С этими словами он побежал к костру, и Маркус, тяжело переводя дух, заковылял следом. Казалось, что полковник обладает неистощимым запасом сил, и Маркус, стараясь угнаться за ним, чувствовал себя дойной коровой, которую заставили состязаться в беге с боевым жеребцом.
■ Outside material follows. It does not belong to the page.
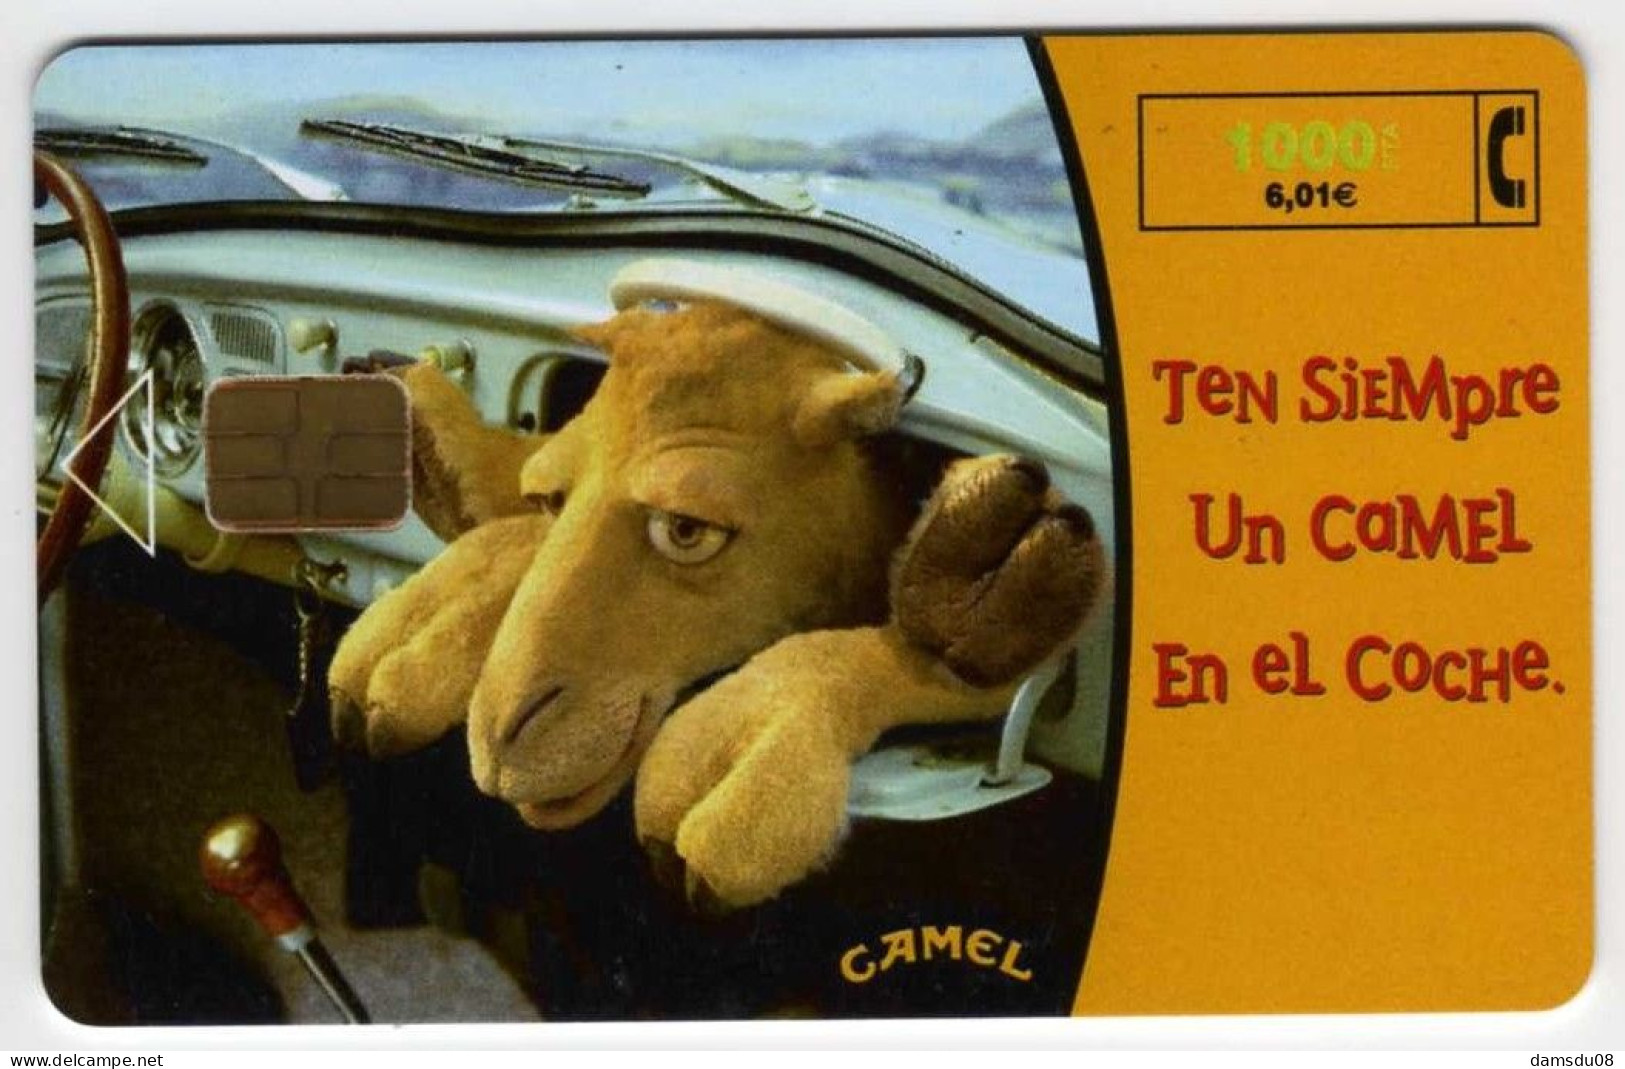 Espagne 1000 PTA Camel 01/99 1035000 Exemplaires Vide - Emissions Basiques
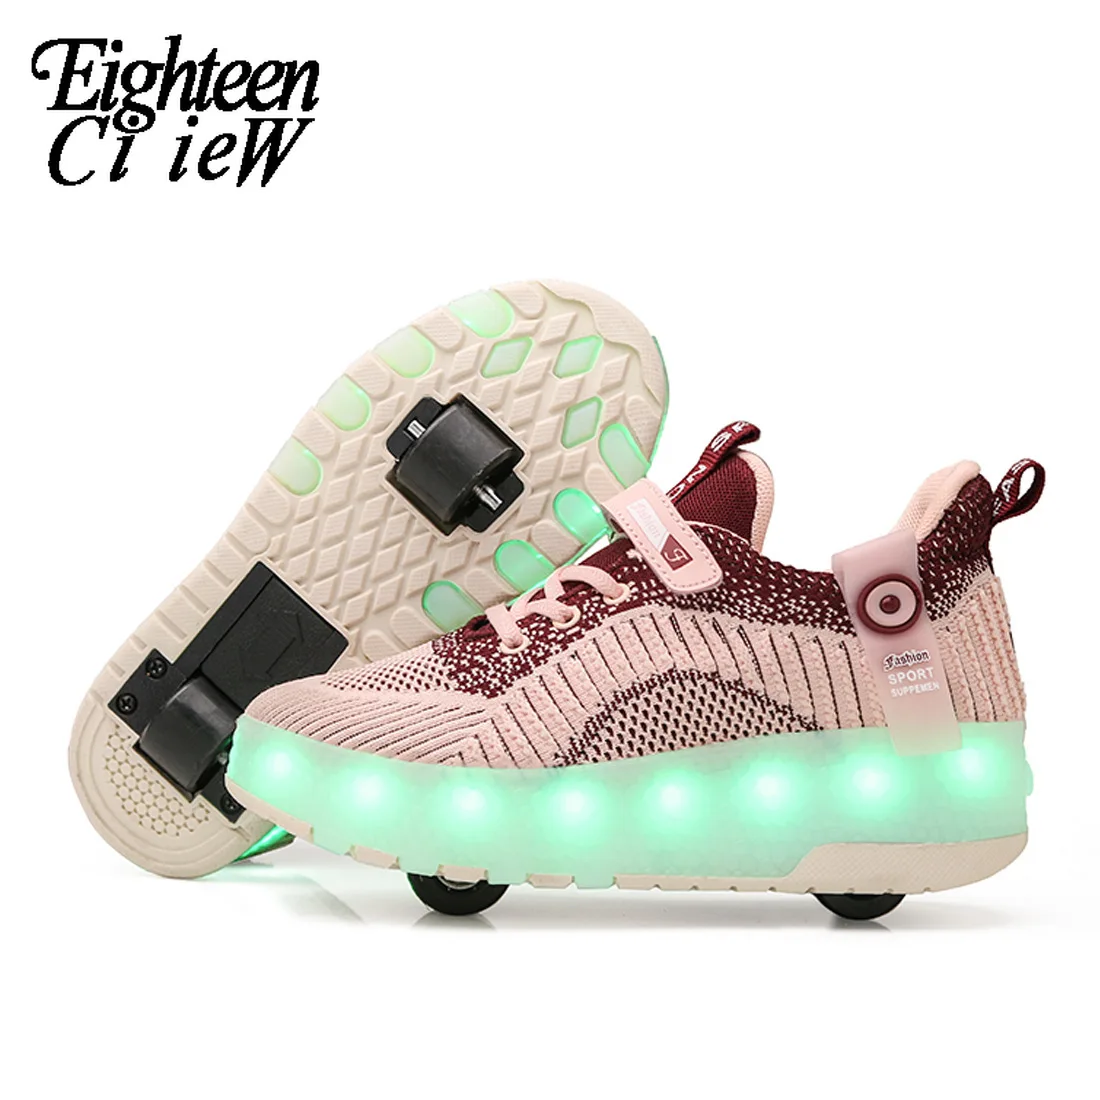 

Светящиеся кроссовки на колесиках, обувь с подзарядкой через USB, мигающие светодиодные роликовые коньки с двойными колесиками для девочек, ...

Небольшой полукруг света, падавшего от костра, оставлял впечатление, что кто–то разбил здесь лагерь. К постаменту статуи были аккуратно прислонены маленький дорожный мешок и бурдюк с водой, на каменных плитах расстелено толстое одеяло. На этом импровизированном ложе покоился…
Вначале Маркус решил, что это труп. Во всяком случае, лежавший здесь походил на труп куда больше, чем мертвецы с зеленым огнем в глазах. Плоть юноши иссохла и опала, с торчащих костей складками свисала кожа. Ребра и бедренные кости медленно шевелились под этой серой кожей, словно щенята в завязанном наглухо мешке, и Маркус вздрогнул, лишь сейчас осознав, что юноша все же дышит — рывками, судорожно и часто. Глаза парня были плотно закрыты, но распахнулись, когда раздался звук приближающихся шагов.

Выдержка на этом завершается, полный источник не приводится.